5 Als uw ogen het zien, zult gij zeggen : Groot is De Eeuwige,
ook buiten Israëls gebied. 6 Een zoon eert zijn vader en een
knecht zijn heer. Indien Ik nu een vader ben, waar is de eerbied
voor Mij? en indien Ik een heer ben, waar is de vrees voor Mij?
zegt De Eeuwige der heerscharen tot u, o priesters, die mijn naam
veracht. En dan zegt gij: Waarmee verachten wij uw naam? 7 Gij
brengt minderwaardige offerspijze op mijn altaar. En dan zegt gij:
Waarmee hebben wij U minderwaardig behandeld? Doordat gij zegt: De
tafel van De Eeuwige, zij is verachtelijk. 8 Want, wanneer gij
een blind dier ten offer brengt, is dat niet erg? Wanneer gij een
kreupel of ziek dier brengt , is dat niet erg? Bied dat eens uw
landvoogd aan; zal hij welgevallen aan u hebben of u goedgunstig
gezind zijn? zegt De Eeuwige der heerscharen. 9 Welnu, tracht
maar God te vermurwen, dat Hij ons genadig zij! Uwerzijds is zo
gehandeld; zal Hij dan iemand van u goedgunstig gezind zijn? zegt
De Eeuwige der heerscharen. 10 Was er maar iemand onder u, die
de deuren sloot, opdat gij niet tevergeefs mijn altaar zoudt
ontsteken! Ik heb geen welgevallen aan u, zegt De Eeuwige der
heerscharen, en in een offer van uw hand schep Ik geen behagen.
11 Want van waar de zon opkomt tot waar zij ondergaat, is mijn
naam groot onder de volken, allerwege wordt mijn naam reukwerk
gebracht en een rein spijsoffer, want groot is mijn naam onder de
volken, zegt De Eeuwige der heerscharen. 12 Maar gij ontheiligt
hem door te zeggen : De tafel van De Eeuwige, zij is
minderwaardig, en wat zij oplevert, haar spijs , is verachtelijk.
13 En dan zegt gij: Zie, wat is het een moeite ! Gij haalt er de
neus voor op, zegt De Eeuwige der heerscharen; gij brengt het
geroofde, het kreupele en het zieke. Als gij dat offer brengt,
zou Ik het uit uw hand met welgevallen aannemen? zegt De Eeuwige.

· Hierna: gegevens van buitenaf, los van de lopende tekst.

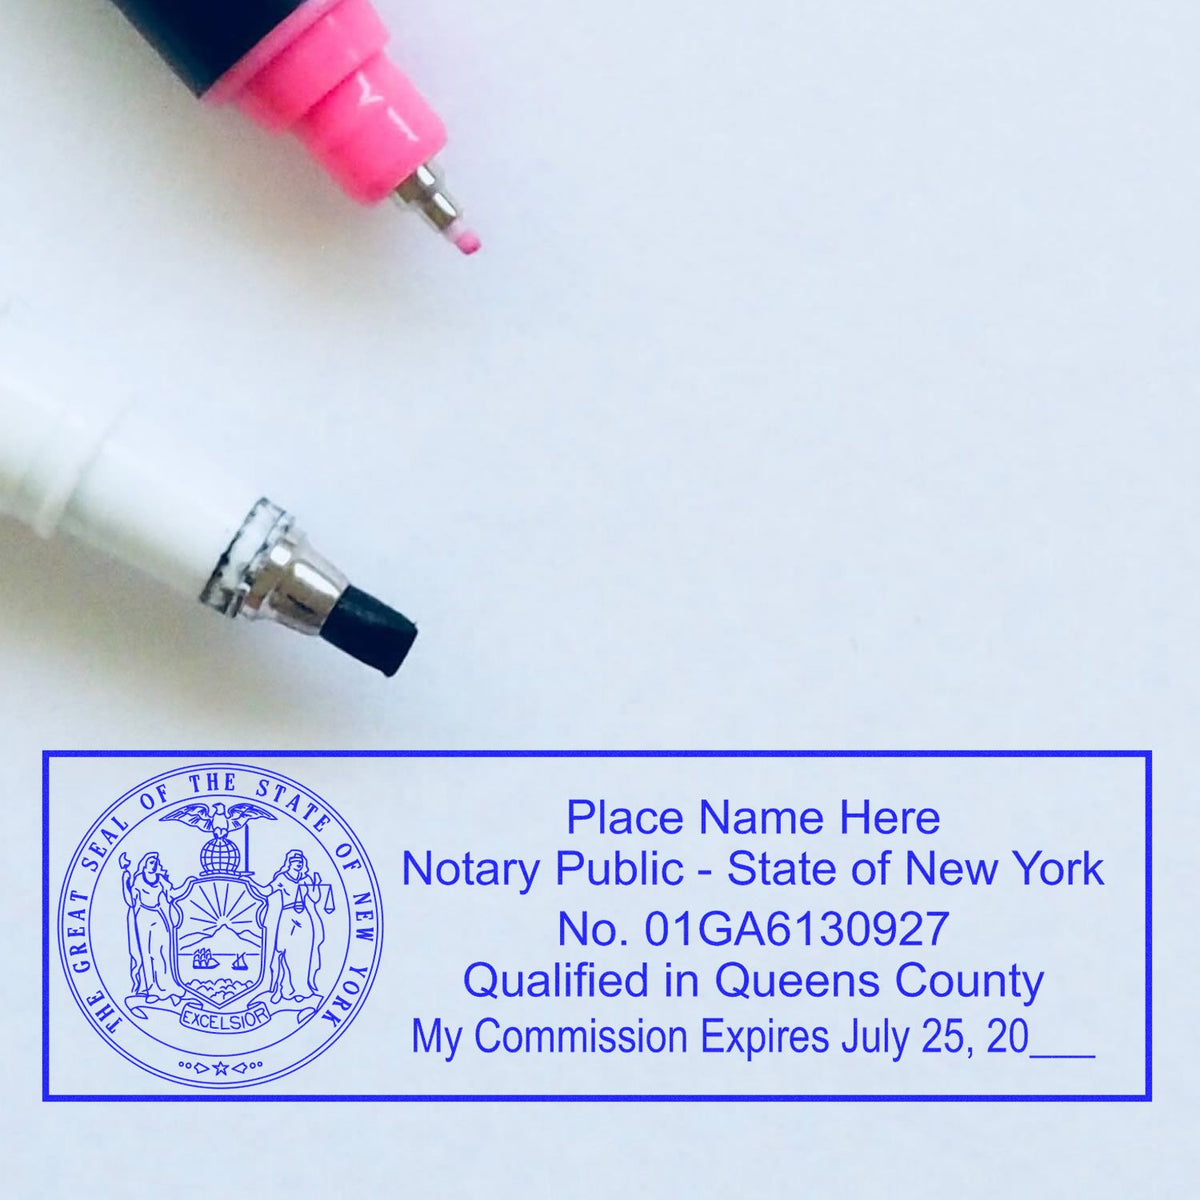 The PSI New York Notary Stamp stamp impression comes to life with a crisp, detailed photo on paper - showcasing true professional quality.

14 Vervloekt is ook de bedrieger, die in zijn kudde een mannelijk
dier heeft en die dat wel belooft, maar De Eeuwige toch een
ondeugdelijk dier ten offer brengt! Want een groot Koning ben Ik,
zegt De Eeuwige der heerscharen, en mijn naam is geducht onder de
volken. 2:1 Nu dan, u geldt,
o priesters, deze aanzegging: 2 Indien gij niet hoort, en indien
gij het niet ter harte neemt mijn naam eer te geven, zegt De
Eeuwige der heerscharen, dan zal Ik onder u een vloek zenden en uw
zegeningen in vloek verkeren; ja, Ik heb ze reeds in vloek
verkeerd, omdat gij het niet ter harte genomen hebt. 3 Zie, Ik
zal uw nakroost bedreigen en vuil op uw gelaat werpen, het vuil
uwer feesten, ja, men zal u daarheen slepen. 4 Dan zult gij
inzien, dat Ik u deze aanzegging gezonden heb, opdat mijn verbond
met Levi besta, zegt De Eeuwige der heerscharen. 5 Mijn verbond
met hem was: leven en vrede; Ik heb ze hem gegeven tot
godsvrucht, opdat hij Mij zou vrezen en voor mijn naam beven. 6
Betrouwbaar onderricht in de wet was in zijn mond en
ongerechtigheid werd op zijn lippen niet gevonden. In vrede en in
oprechtheid wandelde hij met Mij en velen bracht hij van
ongerechtigheid terug. 7 Want de lippen van de priester bewaren
kennis en uit zijn mond zoekt men onderricht in de wet, want een
bode van De Eeuwige der heerscharen is hij.